Doris Segal

Read Doris’ story of survival and courage below.


 

Doris’ story


Dorli Klepperova was born on 16 June 1932 in Chomotow, a German speaking town in the Sudetenland, Czechoslovakia. Her father, Siegfried, was a marketing manager and the family enjoyed a comfortable lifestyle. In 1938, Czechoslovakia was ceded to Germany and Dorli’s family realised the urgency of leaving their homeland. Siegfried’s attention was caught by an Irish trade mission to Czechoslovakia, seeking to attract European industry to the west of Ireland. It was headed by Senator J.E. McElinn and included Marcus Witztum and Serge Phillipson, who negotiated the setting up of the hat factory with Hugo Reiniger & Co., hat manufacturer of Chomotow. 

Siegfried applied for a work permit and, although he had no actual skills in the making of hats, he was granted a visa. Dorli and her parents, Siegfried and Gretel (Margaret), made the long journey by train across Europe and to Ireland by boat in the summer of 1939, ending up in Castlebar when the factory opened. 

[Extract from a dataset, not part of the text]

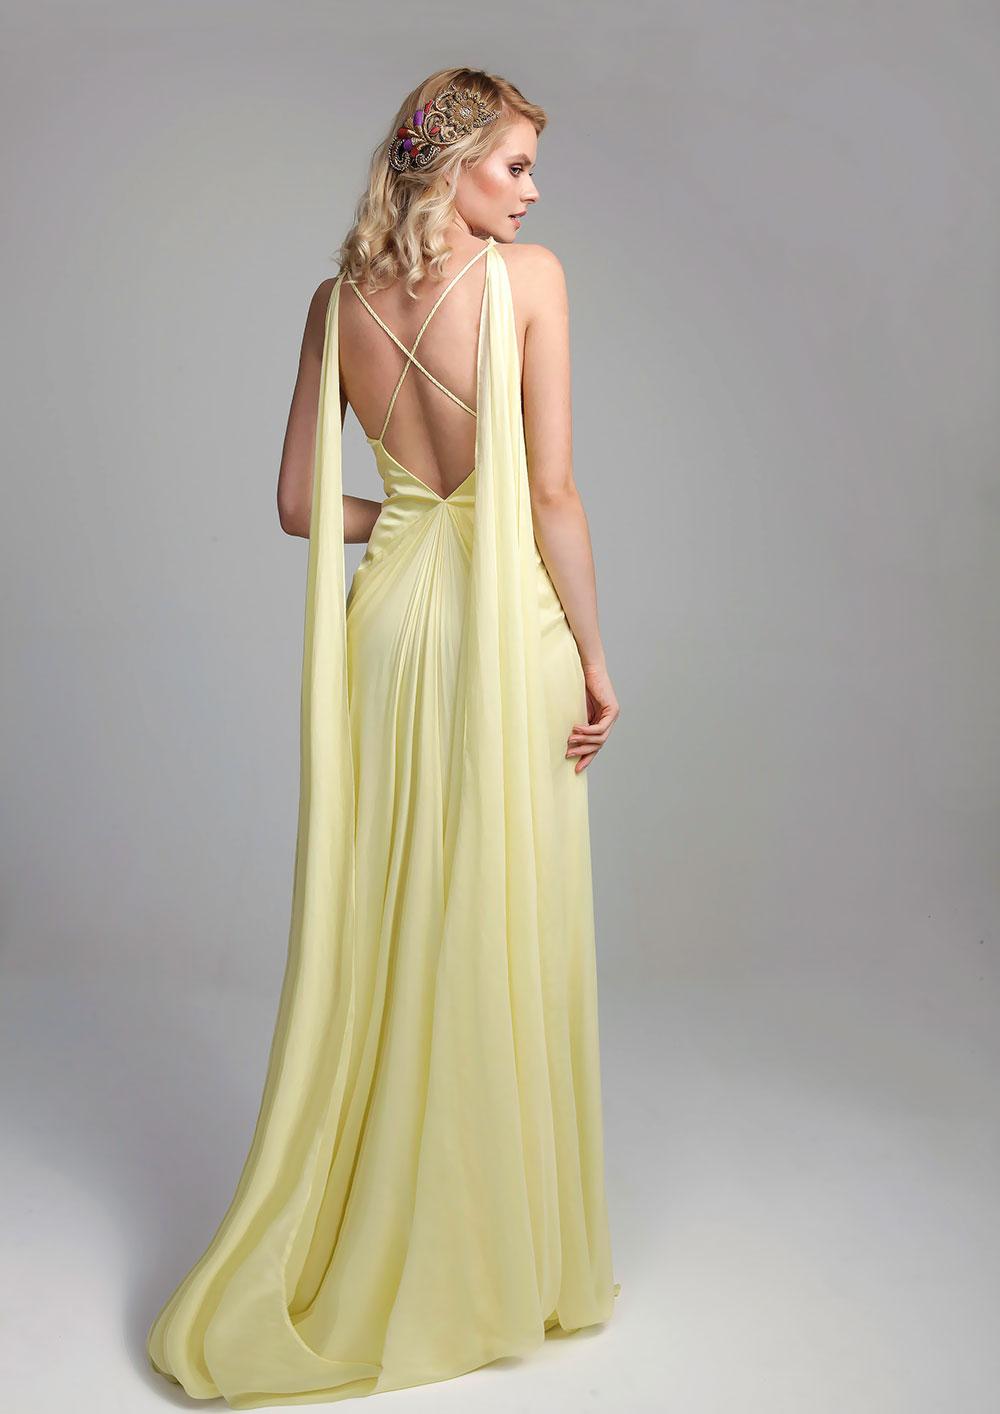 Dorothy Milk gown

In Ireland, ‘Dorli’ became ‘Doris’. The Kleppers found life in the west of Ireland very different from their previous existence. The family knew little English, but for Doris it was necessary to learn a third language, too, since all her primary schooling was conducted through Irish. 

At the age of 12, Doris was sent to boarding school in Dublin, and her parents moved there in 1952. Doris qualified as a physiotherapist in 1955. She married Jack Segal in 1958 and they had three children: Henry, Michelle and Robert. 

Not all of Doris’s family was lucky enough to escape the Nazis. Fred’s two brothers perished in concentration camps despite desperate efforts to get them out of Czechoslovakia. Gretel’s parents, Max and Klara Heller, were sent to Theresienstadt and from there deported to Auschwitz, where they perished. Throughout their lives, Siegfried and Gretel were burdened by the knowledge of the fates of so many loved ones in the Holocaust. 

‘I was very fond of my grandparents and we were very close. It was very hard saying goodbye to them – even though I did not realise at the time that we would never see each other again.’

Doris lived in Terenure before she passed away in January 2018.